Sometimes, my battle is against the unpleasantness of ugliness. I fight then for beauty, trying to win in a series of confrontations the aim of which is an eradication of my enemy, ugliness, or whatever is contrary to beauty, using the tools of design to bring delight back into a world which is so ready to accept unsightliness.

At other times, my battle is against the unpleasantness of bad manners. Then, I fight to be polite in the face of a rude enemy who refuses to afford the same respect to me as I to them. The goal here is to spread a little niceness in the world, if possible, by wielding it as a weapon with which I attack those who would prefer to be rough and raw.
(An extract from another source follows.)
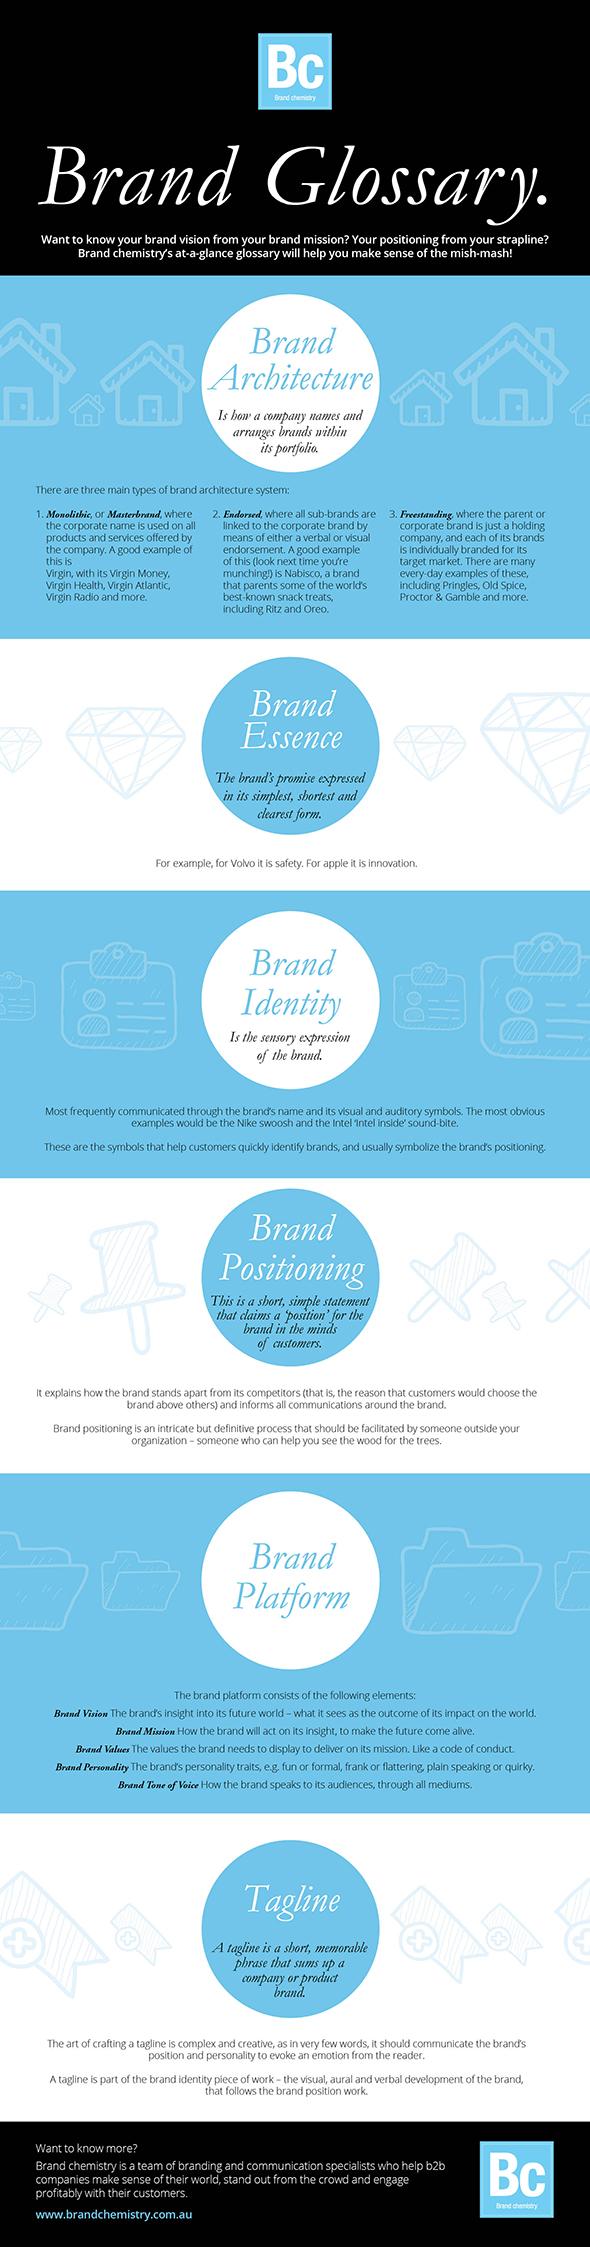 Brand chemistry glossary of brand terms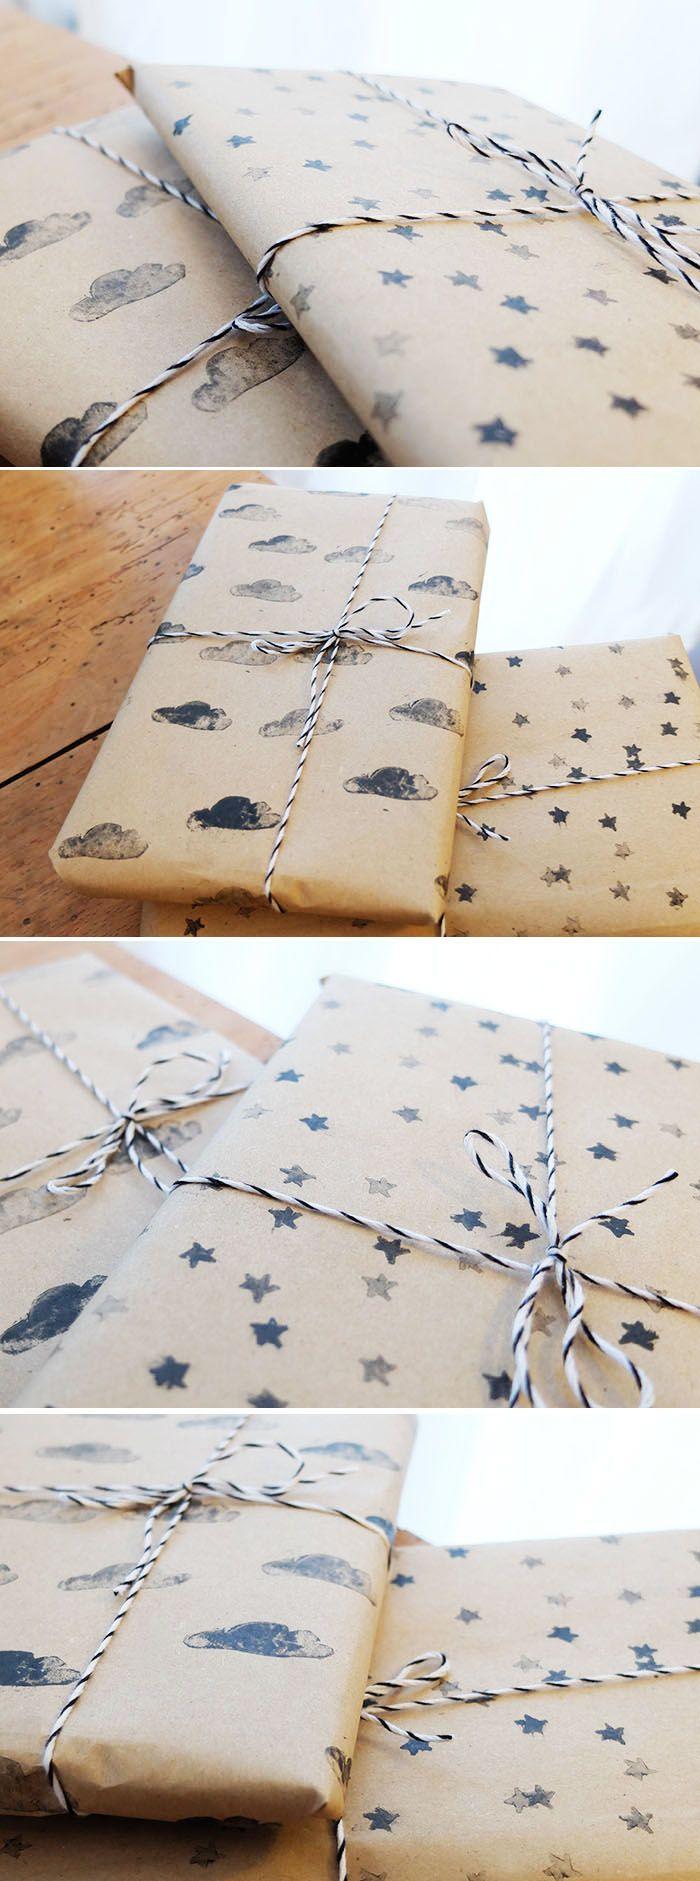 diy fabriquer son papier cadeau avec des tampons et du papier kraft diy ideas 2 pinterest. Black Bedroom Furniture Sets. Home Design Ideas

And much of the time, my battle involves the notions of equality and inequality. This is a battle where I sometimes catch myself fighting for the wrong side. It’s unintentional when I do this, but I do it nonetheless. See, where the other two battles involve something of an obvious enemy which can be fought with obvious tactics, this battle has an enemy which is not easily discovered, and it’s fought with tactics equally as opaque. It’s a battle where I struggle sometimes to even know what exactly it is I’m fighting for, one where it’s hard to know how to approach a situation because the way is very much unclear. Oftentimes, it’s difficult to recognize that a situation is even part of this battle, it being all to easy to categorize it as something else.

My first two wars are easily fought. They’re easy wars to fight, because they’re loud and highly visible. But the third war—the war for equality—it’s nowhere near as visible or as comprehensible. Like a diamond, it has many, many facets. But in a way distinctly unlike that gem, there is no clear way through it.

It’s no good to be content fighting just the first two wars, though. The third war, if I’m realistic, is the only one that’s truly insidious. The outcome of that war—if there can even be a declared outcome—is more important than that of any other war I can fight.

But how can I fight it? How can I fight it when I don’t know how to fight accurately—when I don’t have direction?

This war needs generals. It needs clear leaders who can unite the factions fighting for equality—for there are many, but they are fractured and disparate—and guide us all towards the end we all know is right.

Those leaders may already exist. Whoever they are, we need to find a way to start following them.